CFRA Research senior equity analyst Angelo Zino joins Market Domination to break down the best Big Tech plays for investors.
Intel (INTC) unveiled a new pair of AI chips on Tuesday as it seeks to improve its data center business and compete with players like Nvidia (NVDA) and Advanced Micro Devices (AMD). Zino tells Yahoo Finance, “Intel will continue to roll out new capabilities, new chip sets, out there in the foreseeable future. But that said, I don’t think it necessarily changes anything as far as the Intel story is concerned. That’s the fact that this is a company that continues to see its business model under attack.”

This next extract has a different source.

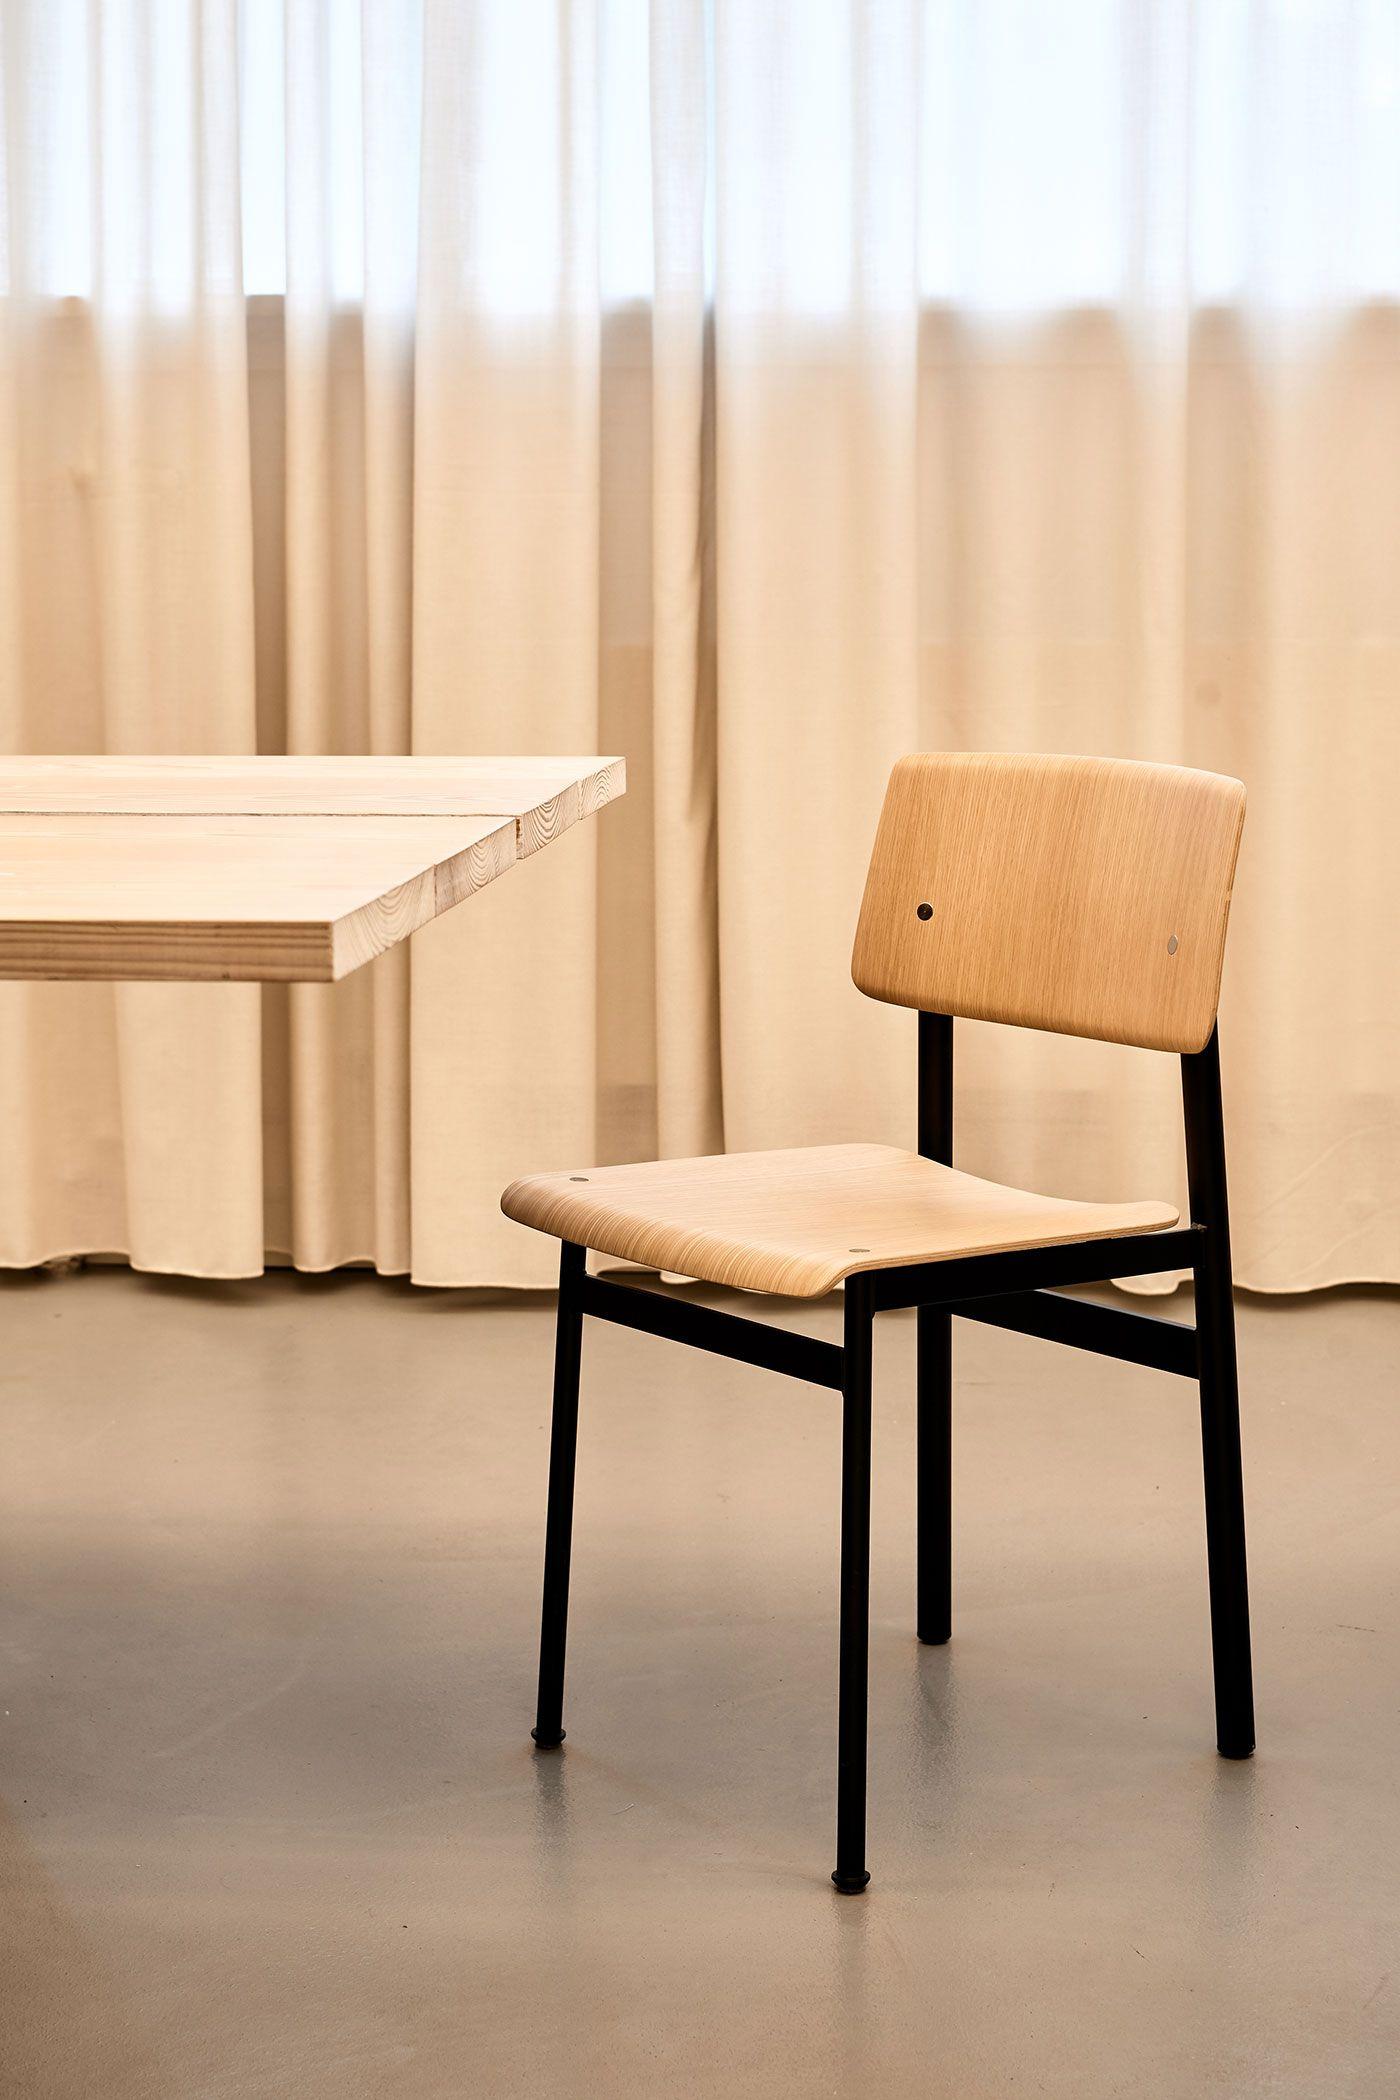 Scandinavian Furniture Inspiration From Muuto The Loft Chair Exemplifies Honest Simple Design Thank Scandinavian Furniture Design Chairs Loft Muuto Furniture

He notes that AMD has been “eating market share from Intel” on the PC and data center front while Nvidia’s Blackwell chips rival Intel’s CPU business. Zino adds, “When you kind of look at the CPU industry, it looks like it’s really kind of under attack right now as far as where Nvidia where Intel stands at this moment in time.”

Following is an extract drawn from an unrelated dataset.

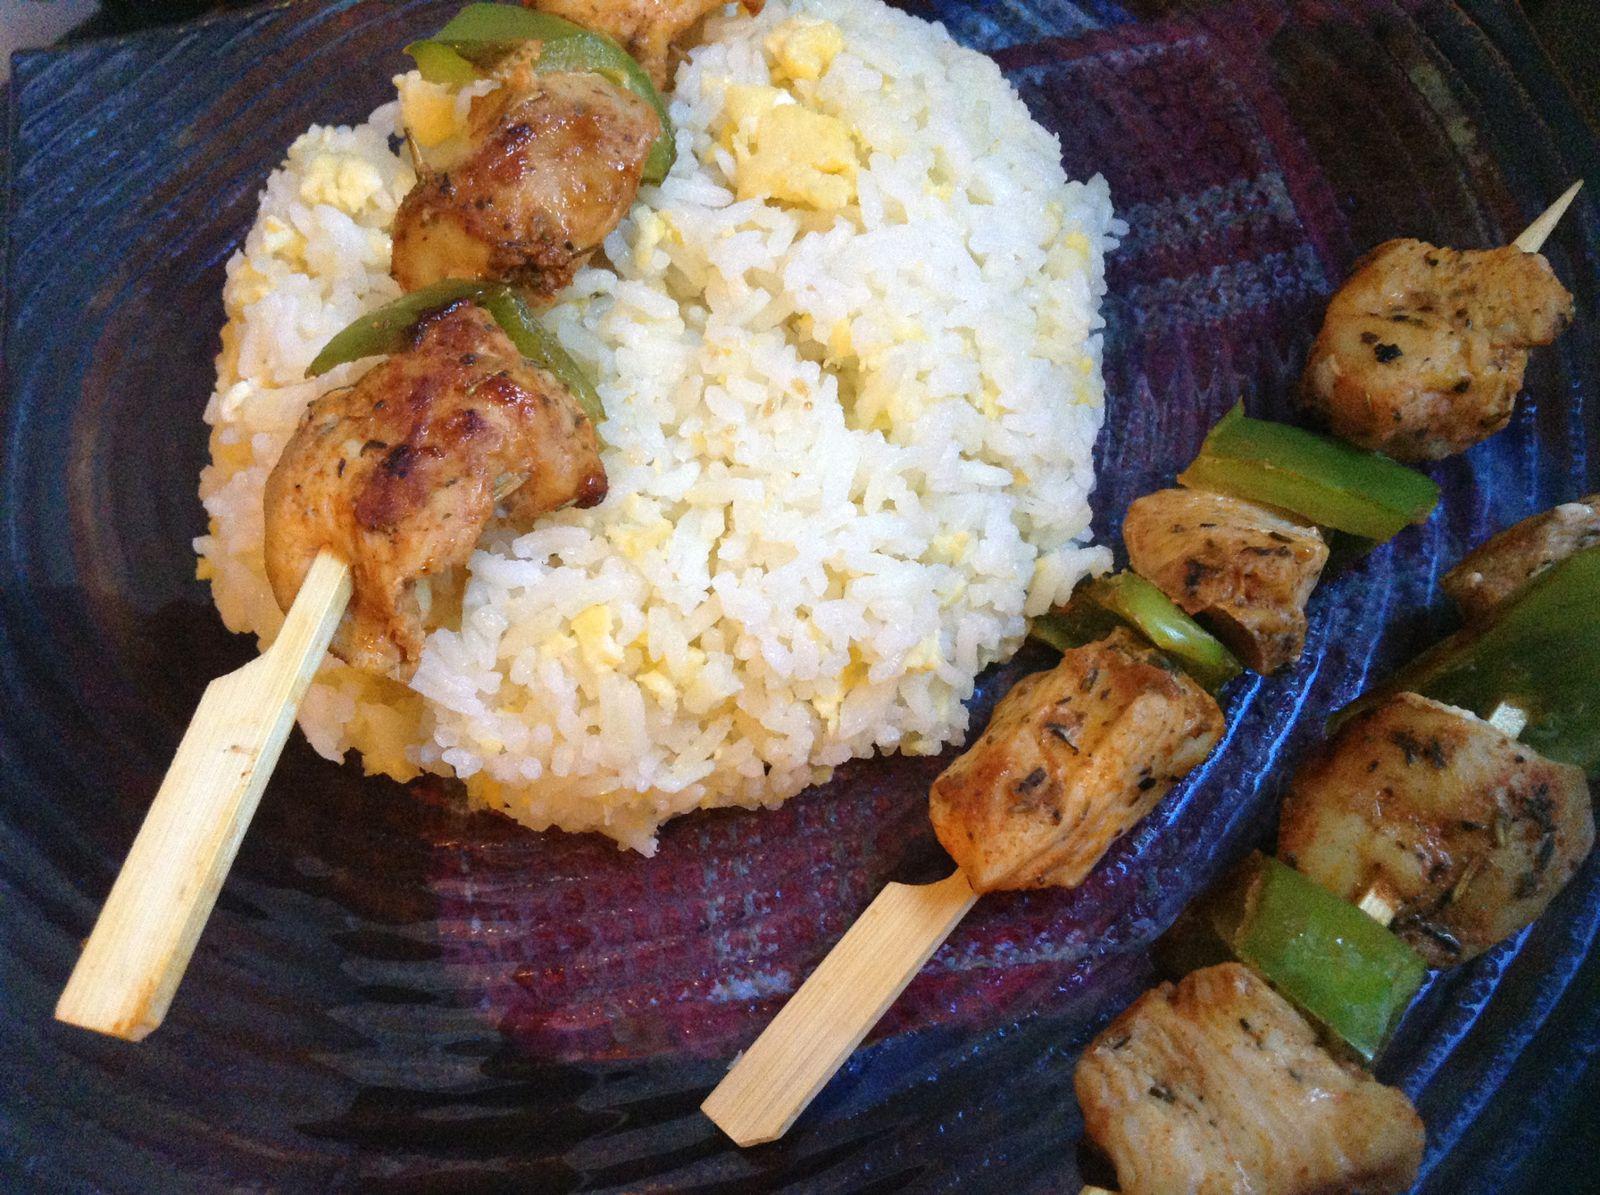 Brochettes d 39 escalopes pour ramadan - Cuisine maghrebine pour ramadan ...

Thus, he believes the best-case scenario for Intel investors would be a potential acquisition. While Qualcomm (QCOM) has reportedly been in talks about a takeover, he does not believe it will come to fruition: “I think there’s only kind of limited upside in terms of what they could offer out there. Not to mention, I think from a regulatory perspective, I don’t think the deal kind of gets anywhere near to being completed.”
In the meantime, Zino believes the best Intel can do at this moment is to cut operating expenses and return to positive free cash flow. In addition, he’s looking for momentum in its foundry business, hoping it will gain traction from external customers. He adds, “If you’re an Intel investor, you’re essentially a value stock at this at this point in time, hoping for improved profitability metrics to kind of get the stock going a little bit.”

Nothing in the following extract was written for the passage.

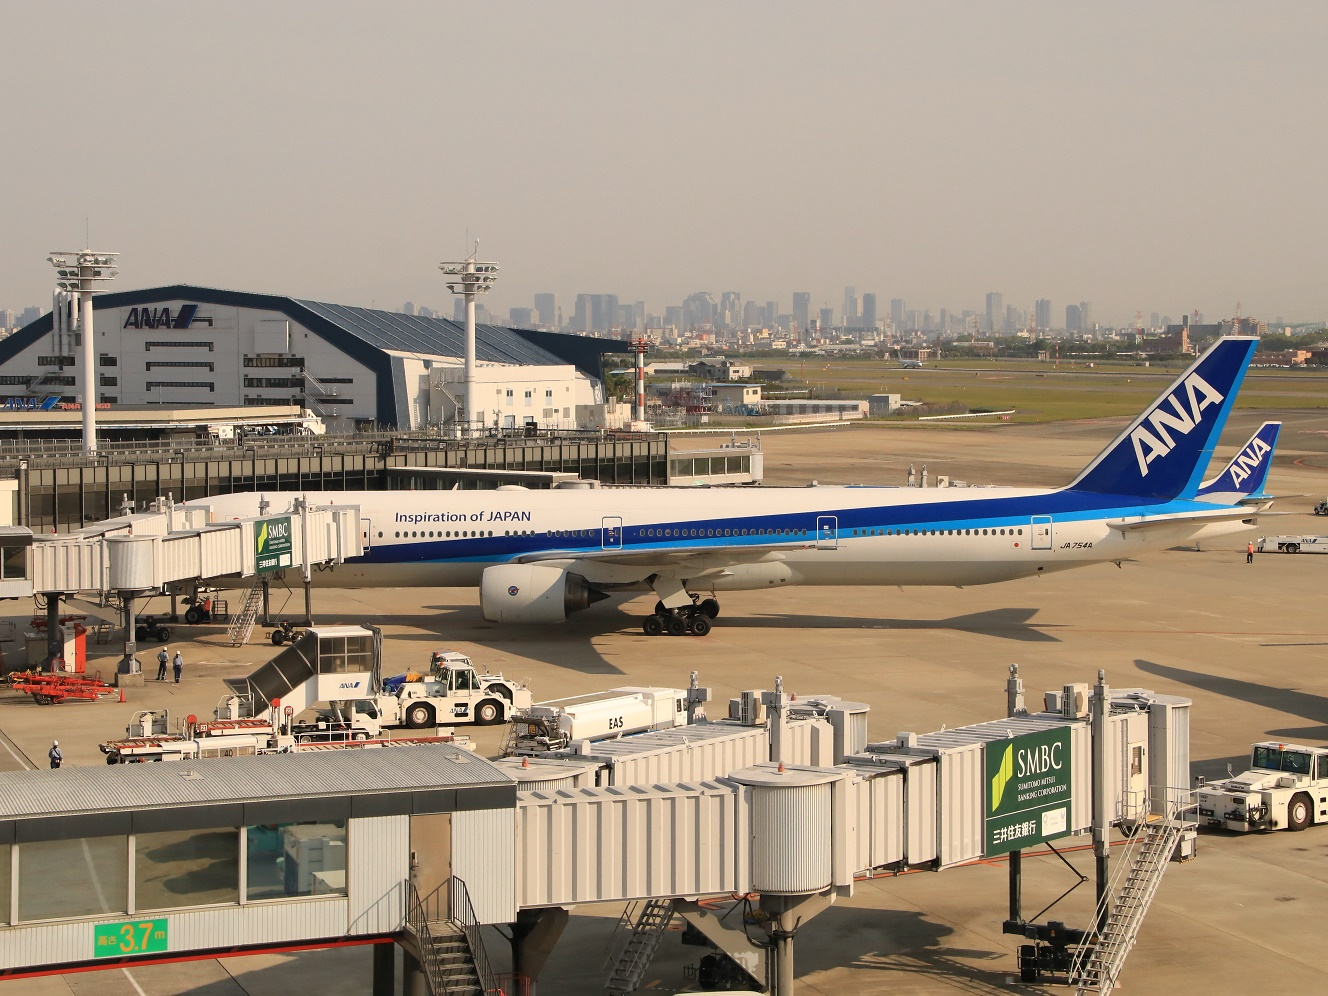 ANA ボーイング777-300 伊丹空港_d0202264_19145556.jpg

While AI drove markets to new heights during the first half of the year, the second half of the year has seen many investors grow concerned about returns on AI spending. “Our view right now is that as far as kind of the mega-cap tech companies out there is concerned, they will continue to spend as long as kind of their business models, their revenue trajectory continues to hold up. And we think that will be the case in terms of cloud spend, in terms of digital ad spend going into 2025, and also kind of the compute trajectory here over the next decade,” Zino explains.
He continues, “The fact that improving compute metrics over the next couple of years will potentially drive greater AI monetization, new use cases for AI, I think, is a very interesting proposition and a reason why these hyperscalers will need to continue to aggressively invest. So for that reason, we continue to think there is stabilization past 2025.”